The beginning of the movie immediately parallels itself with another famous depiction of racial injustice in the Unites States; To Kill a Mockingbird. Not only does Just Mercy take place in the town in which Harper Lee wrote TKAMB, but the plot revolves around the trial of a black man in a white justice system. Also furthering the prevalence of racial discrimination in both works is the name Robert E. Lee, most notably the name of the Confederate Commander during the American Civil War. The judge that first sentences Mr. McMillian is named Robert E. Lee Key, similar to the name of the man accusing Tom Robinson in TKAMB, Robert E. Lee Ewell. The similarities between these two works and their portrayal of racial injustice is hauntingly similar, one being a novel set fifty years before the actual events that Just Mercy is based on occurred, showing the prevalence and continuation that racial injustice has had throughout American history.
The main trials in both works, those of Tom Robinson in TKAMB and Walter McMillian in Just Mercy, both show the racial prejudice against black people in the southern United States. Neither actually committed the crime they were convicted for, both were fighting against a white system with all white juries and judges, and because of this, both had no faith in the justice system. In Just Mercy, Mr. McMillian is originally reluctant to allow Mr. Stevenson to take on his case because he thought it would be pointless due to the white judicial system that needed someone to blame for the murder of the young white woman.

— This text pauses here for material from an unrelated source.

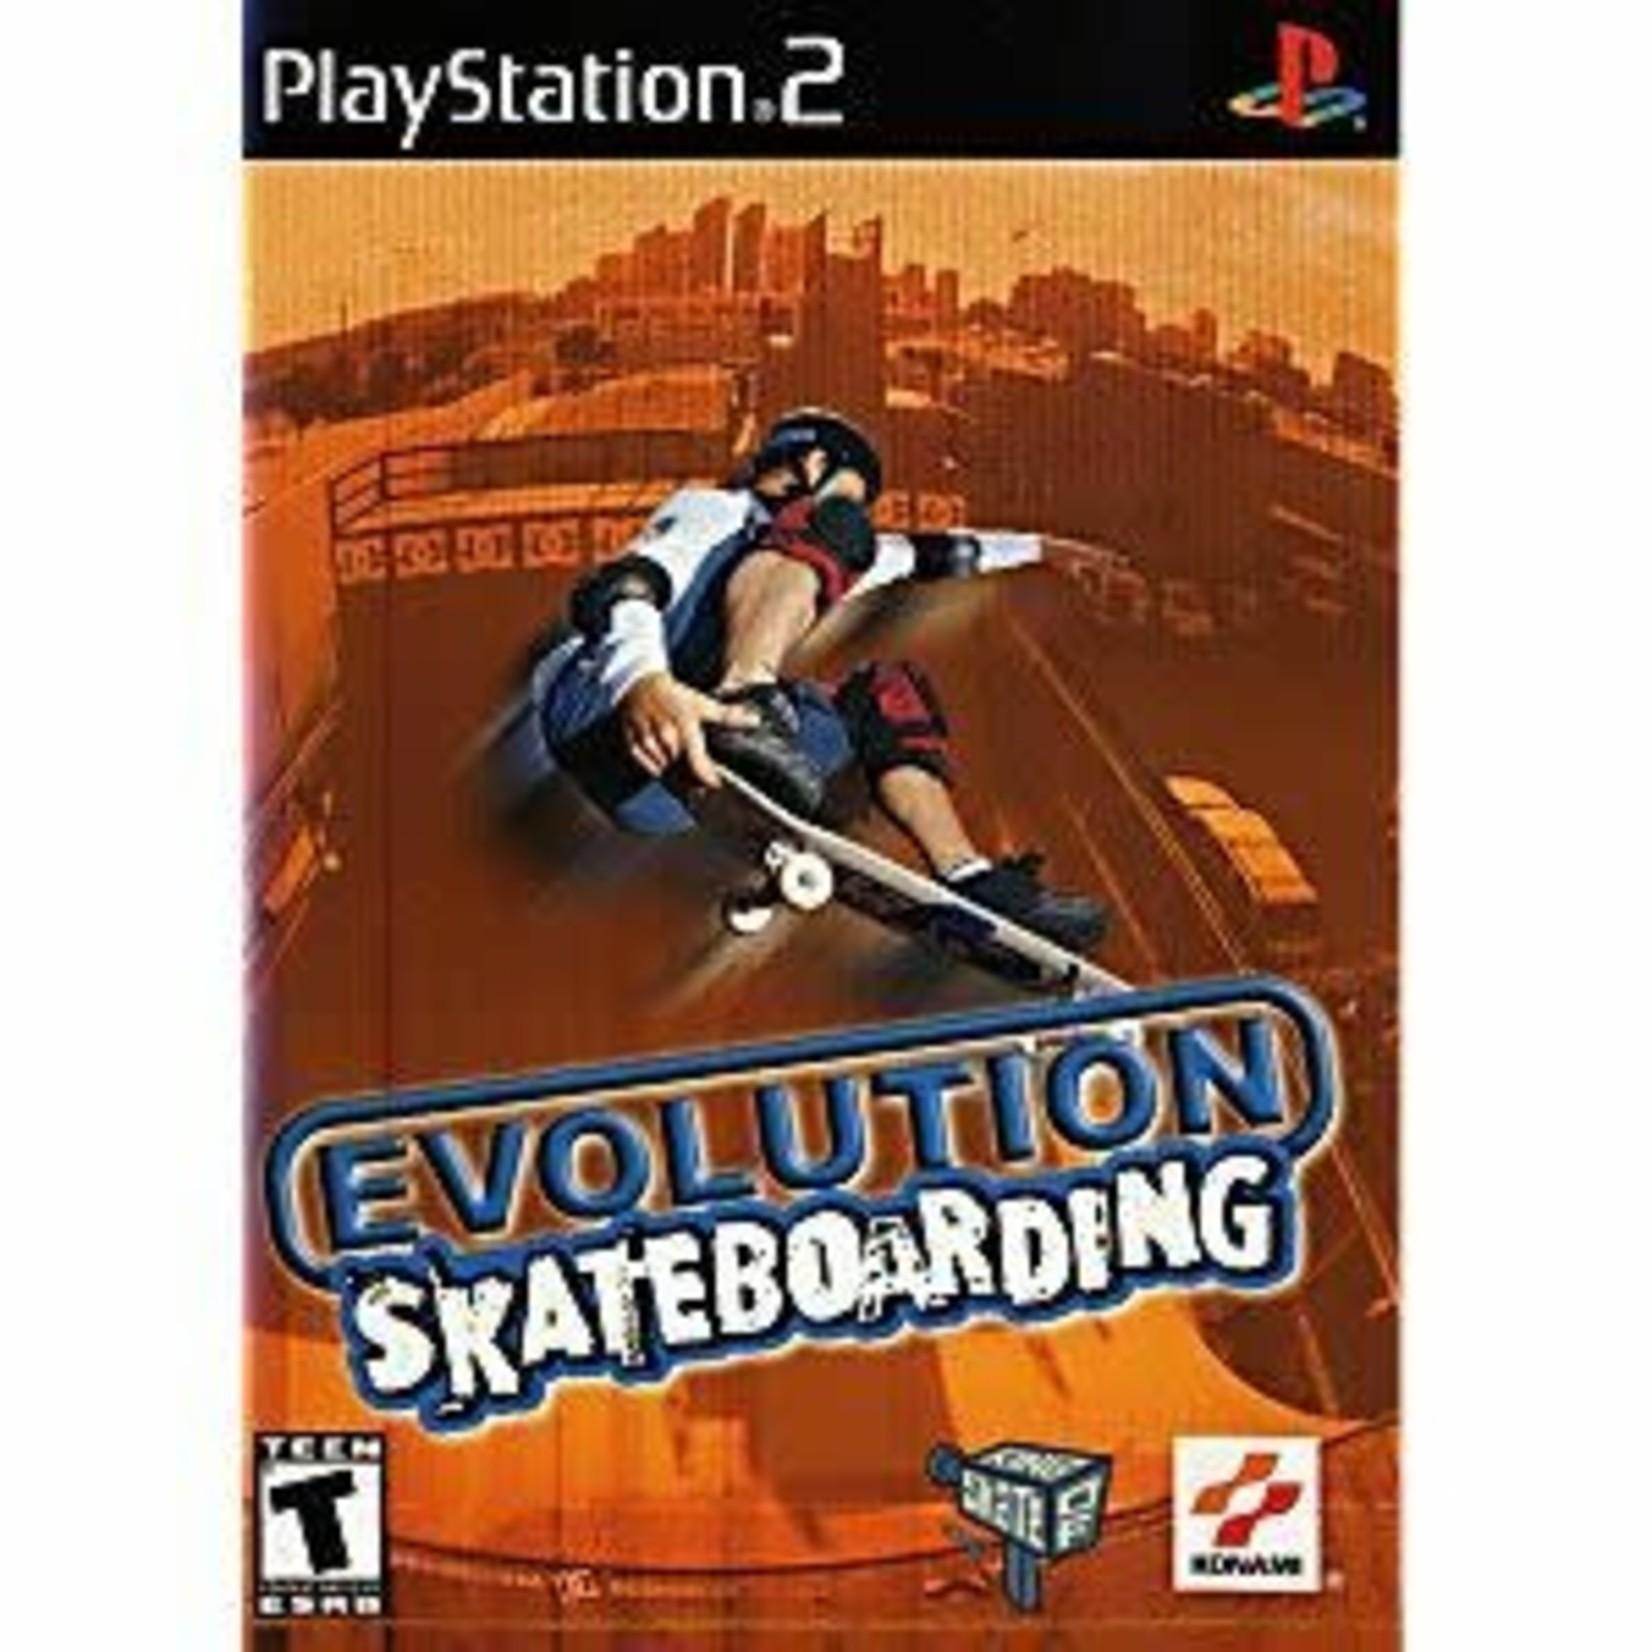 PS2U-Evolution Skateboarding

One of the cases that Mr. Stevenson and his coworker encounter is one where a white defense attorney states of his black client, “Mad dogs ought to die,” (00:13:30). This shows the mindset and willingness of white people, even defense attorneys assigned to black people, to readily sentence black people to the death penalty, making it hard for any black person to have faith in the justice system. In TKAMB, Tom Robinson similarly lost all faith in the justice system after he and Atticus Finch lose his case in court and he is sentenced to die. Instead of waiting for the outcome of the legal appeal process which Atticus had high hopes for, Tom Robinson decided to risk his life in an attempt to escape from prison which resulted in his death. The fact that both Mr. McMillian and Tom Robinson were so hopeless despite being innocent where they just accepted death as their fate demonstrates how strongly rooted racial injustice is within the Unites States.

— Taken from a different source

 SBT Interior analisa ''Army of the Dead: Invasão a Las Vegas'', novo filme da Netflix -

Not only was this racial prejudice epitomized with the wrongful convictions of black men, it also occurred in numerous other instances in the works. In both Just Mercy and TKAMB, the black spectators of the trials were forced to sit or stand in the very back of the court room. Mr. Stevenson was also pulled over and held at gun point by police and subjected to a full strip search in the jail before meeting with his client seemingly because of the color of his skin. A black witness, Mr. Houston, was arrested for perjury by white cops after he had told the truth. Later in Just Mercy, after all the evidence had all but proven Mr. McMillian as innocent, the white prosecutor still pushed to have him put on death row. Mr.Stevenson then confronts the prosecutor and says, “Your job is not to get a conviction, it’s to achieve justice,” (01:56:30). This statement exemplifies how the white judicial system thought in a backwards way when trying a black person to a white one. The law enforcement and judicial system allowed their suspicions of black people to drive their prejudice and reasoning when it came to determining whether they were innocent or guilty. From the front lines of law enforcement all the way up to the judge’s bench, black people were inherently wrong or guilty of something, even if there was no evidence or reason for them to be other than, in the eyes of the legal system, their skin.